In November 1942 the regiment moved to a camp in the desert a few miles outside the holy Moslim city of Qum with its vast golden-domed mosque and its bazaars of local craftsman. The New Year 1943 arrived and the weather became very cold. During this time the gunners of the regiment began to get to know the infantry units they were to support in future battles — the Seaforth Highlanders, the Northamptons and the Royal Scots Fusiliers. The Division had been sent to this remote highland area to defend the way to India if the Germans broke through the Caucasus.

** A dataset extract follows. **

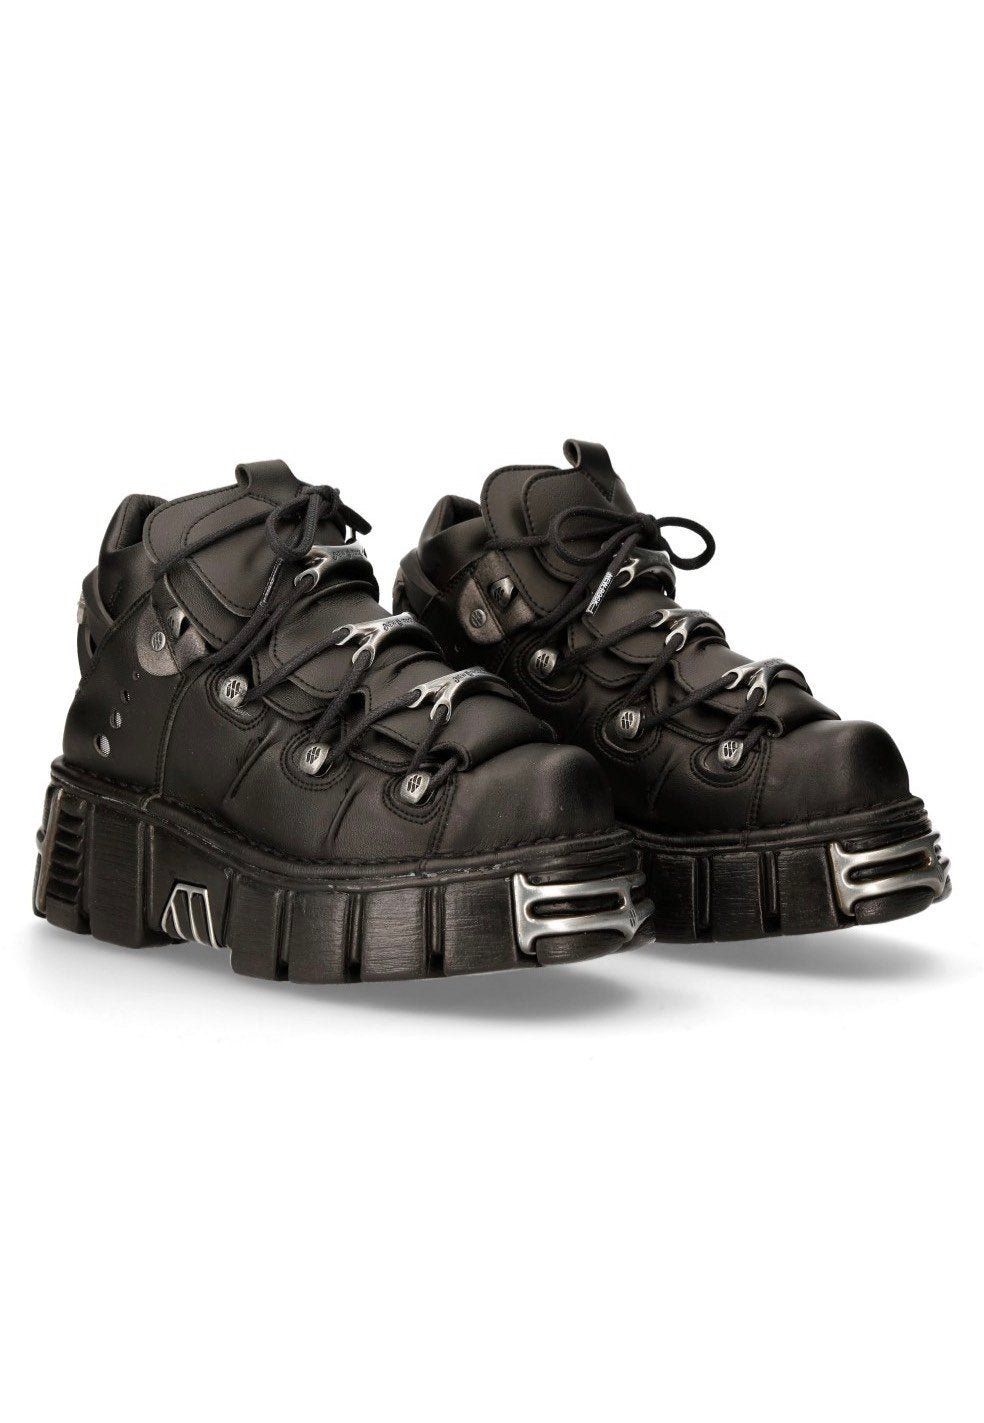 New Rock - 106 VS1 Black - Girl Shoes

In February 1943 the regiment left Qum for the great overland journey to the Mediterranean. At the start it was bitterly cold and the convoy had to travel over the Shah Pass in a blinding snowstorm. I recall putting chains on the wheels of our truck on the edge of a precipice while vehicles and guns slithered past dangerously close to us on the icy snow. On another occasion we stayed in a transit camp in tents with about 40 degrees of frost. We bedded down on the icy ground only to find a few hours later a stream running through the tent — the heat of our bodies having melted the ice.

We were pleased to leave Iran and reach warmer climes at Baghdad. Then across the Syrian Desert following the oil pipe line from Kirkuk to Transjordan and the Palestine coast. A night in Tel Aviv, on to Beersheeba, across the Suez Canal and finally to the School of Combined Operations near Ismailia in Egypt to learn amphibious warfare. It was on the shores of the Bitter Lakes that the regiment learnt the art of invasion from the sea.